Rached Ghannouchi and his Ennahda party have been urged to reconcile Muammar Gaddafi’s loyalists and Islamists, London-based The New Arab reports.
According to Qatari media, Ghannouchi has been in contact with the two Libyan sides. A source in the Tunisian Islamist party told the media that Ghannouchi “had recently met with a delegation of acceptable Gaddafi-affiliated figures to discuss him working on behalf of the group to reconcile with “moderate Islamist forces.”
Libya has been divided into factions since the fall of former Libyan ruler killed in 2011, in a NATO-backed revolution. The country has had two rival governments respectively based in the East and in capital Tripoli.
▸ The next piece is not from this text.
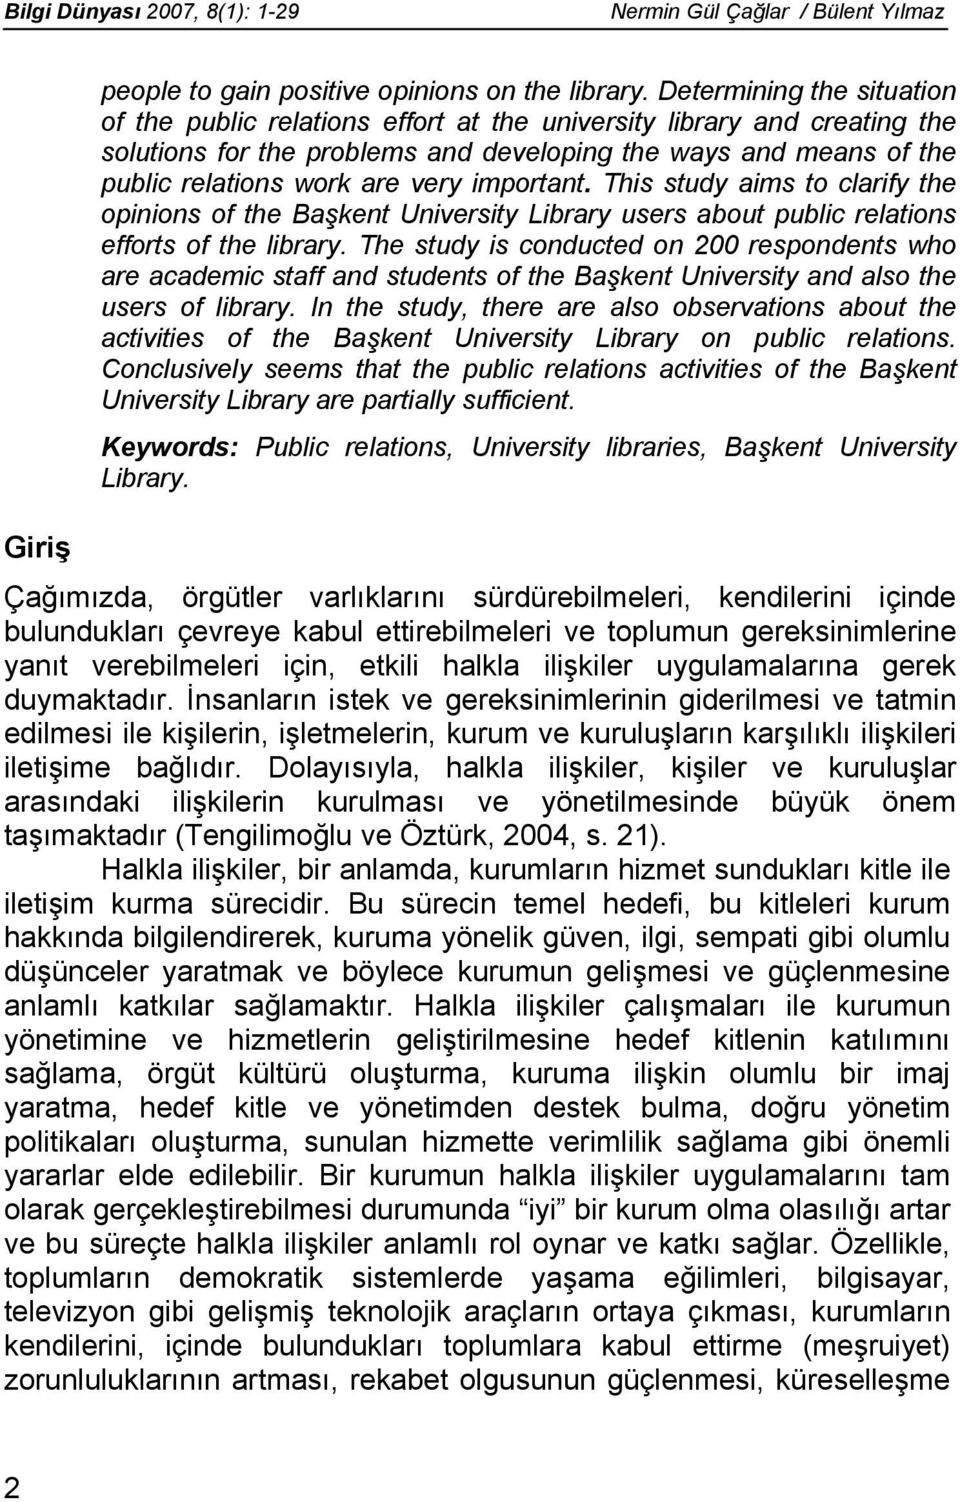 important. This study aims to clarify the opinions of the Başkent University Library users about public relations efforts of the library.

UN-backed unity government in Tripoli has been struggling to impose itself.
Analysts argue that only reconciliation can reunite all sides. They also point out that though no longer in power, Gaddafists still wield important force as they know all the apparatus of the Libyan state.
“We have spoken to some of them, like Ahmed Gaddaf al-Dam, Abdel Rahman Shalgam and Ahmed Jibril… We have always urged our Libyan brethren to avoid any exclusionary tendencies because the Libyan ship has room for everyone,” Ghannouchi told The Arab News in an interview last March.
“We are pushing for forgiveness and reconciliation, away from collective punishment and vengeance. It is un-Islamic and unfair to punish everyone who worked with the Gaddafi regime,”
Ennahdha, at its congress in May, distanced itself from its Islamist agenda to embrace a political line.